# Horizontal Cases / Media PC



## TonyStark (Aug 19, 2008)

I'm looking for a horizontal case that I can use for my Media PC. It will be used to watch blu-ray, play games, etc. Gonna hook it up to my TV (52" 1080p) and stereo system. The case needs to accommodate a high end graphics card as well. 

Any suggestions?


----------



## Mussels (Aug 19, 2008)

high end graphics + 'horizontal' cases (aka half height) is not going to happen.

Before you even start looking at cases, decide what hardware you want - if you want an 8800GT or something, find a case that will fit it.


----------



## DrunkenMafia (Aug 19, 2008)

I am building myself a media pc atm and have been looking at a lot of cases from silverstone.  They are pretty nice, particularly the lc20m

http://www.silverstonetek.com/products/p_contents.php?pno=lc20

they sell a whole range of nice media cases.


----------



## Jeno (Aug 19, 2008)

i think the galaxy 9600gt 55nm can fit in a half height... but thats not exactly max performance.
i to want a flat case so im building one


----------



## NeoCrisis (Aug 19, 2008)

Mussels said:


> high end graphics + 'horizontal' cases (aka half height) is not going to happen.
> 
> Before you even start looking at cases, decide what hardware you want - if you want an 8800GT or something, find a case that will fit it.
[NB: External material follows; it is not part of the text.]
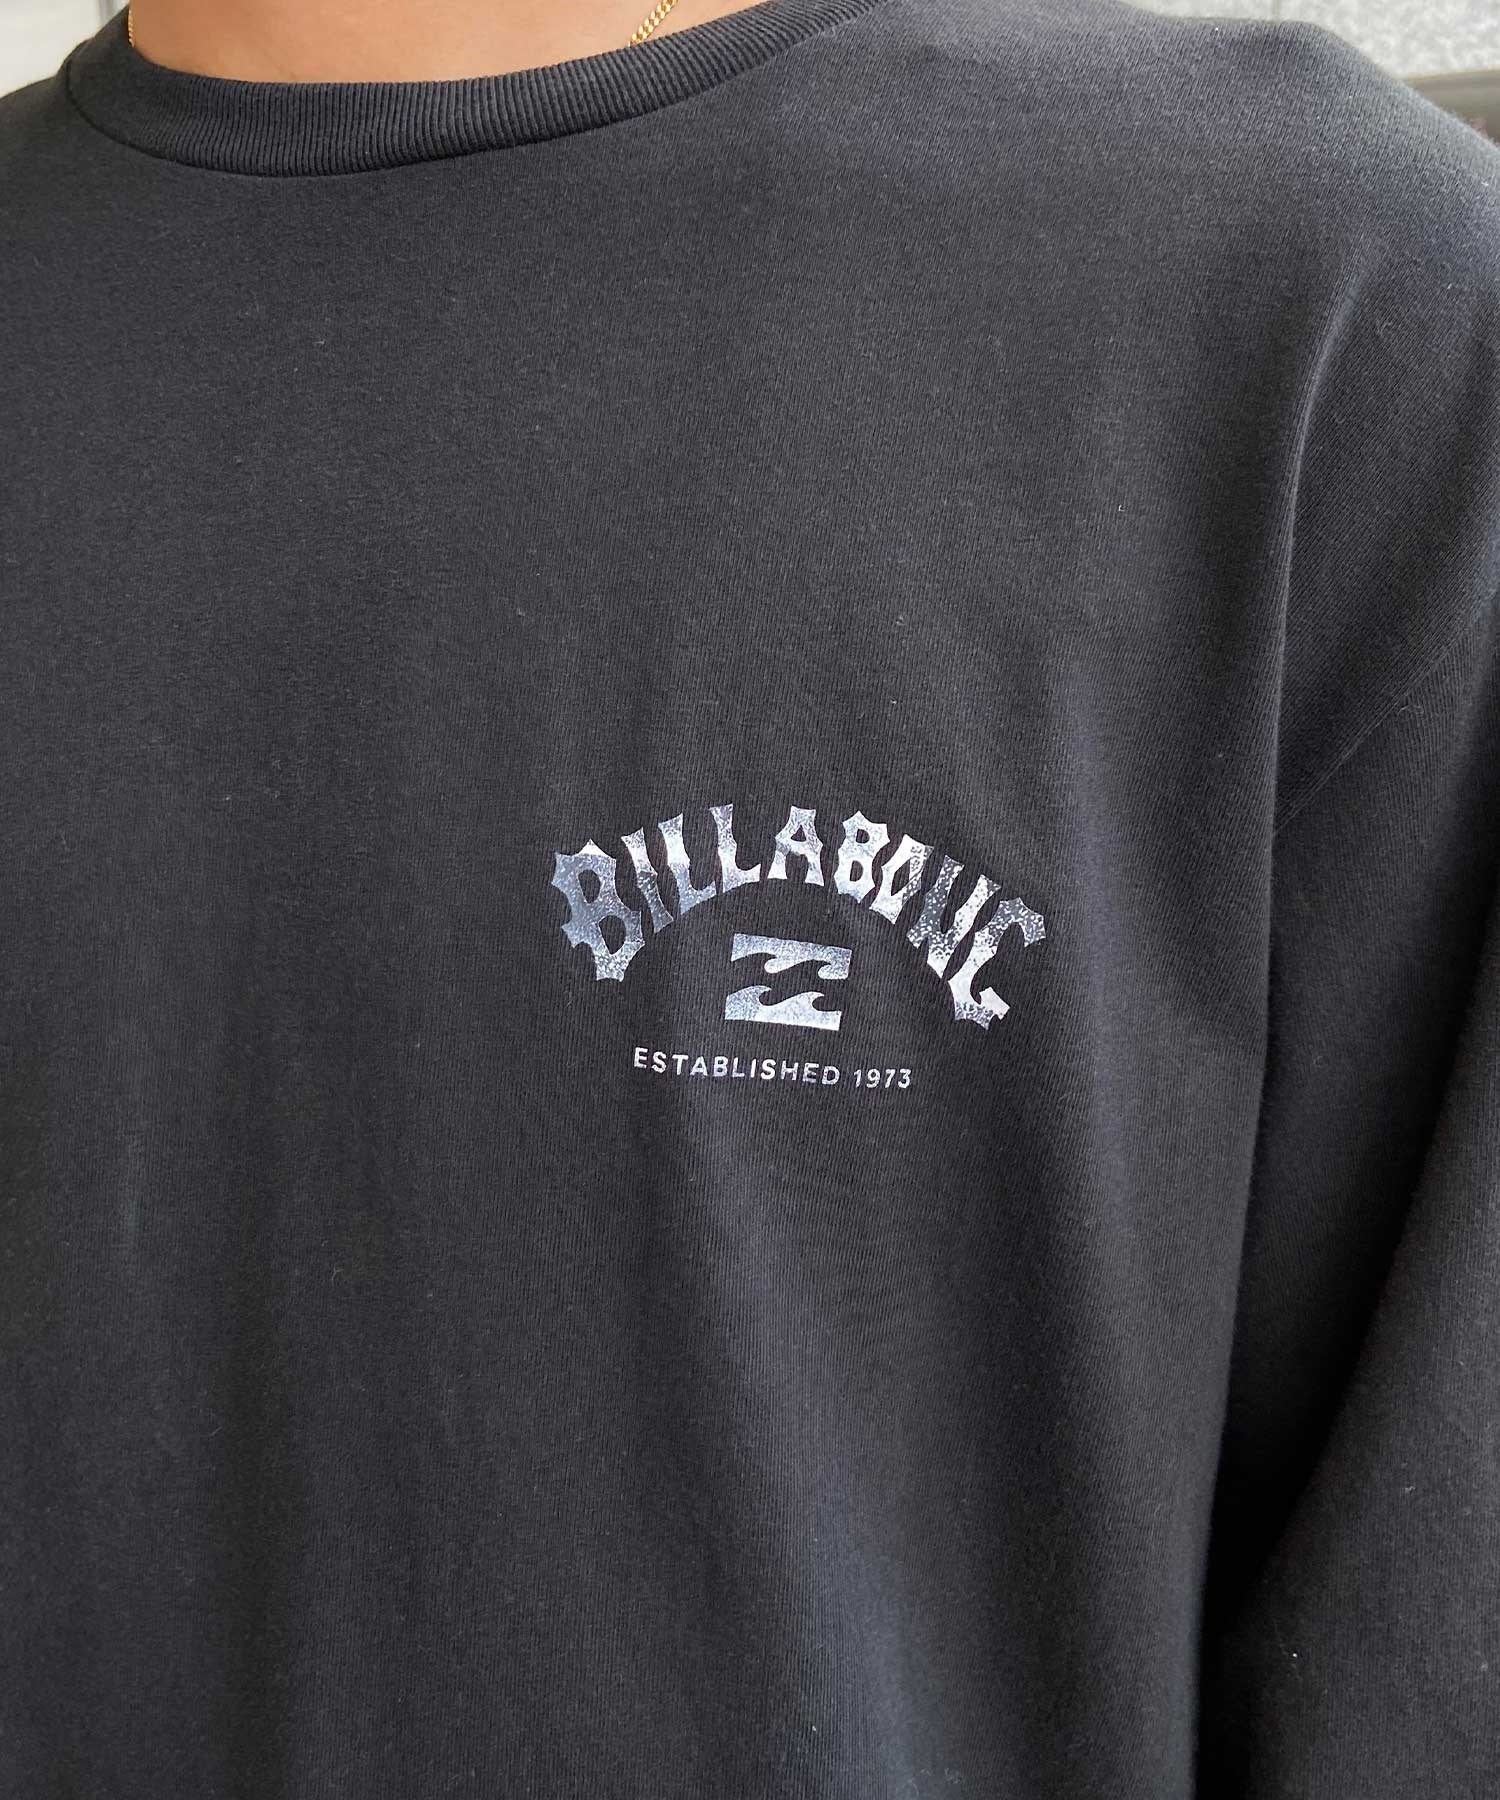 BILLABONG ビラボン BE011-050 メンズ 長袖 Tシャツ ロゴ ロンT バックプリント クルーネックロンT(OFW-M)

Theres LOTS of HTPC cases that will fit full size ATX mobo and standard pci slot video cards.
Almost all of Silverstone htpc cases will and a few of the TT but all are $100+

If you want one thats under $100 Apevia has one for $70


----------



## Mussels (Aug 19, 2008)

NeoCrisis said:


> Theres LOTS of HTPC cases that will fit full size ATX mobo and standard pci slot video cards.
> Almost all of Silverstone htpc cases will and a few of the TT but all are $100+
> 
> If you want one thats under $100 Apevia has one for $70



you're talking to a guy with an 8800GTX in a micro rig. try and pay attention...

He wants a case that LIES ON ITS SIDE. There are VERY few full height cases that do this.

you found and linked pics to one -, thanks for that. the concern is does he want a half height or not, as i got the implication he does.


----------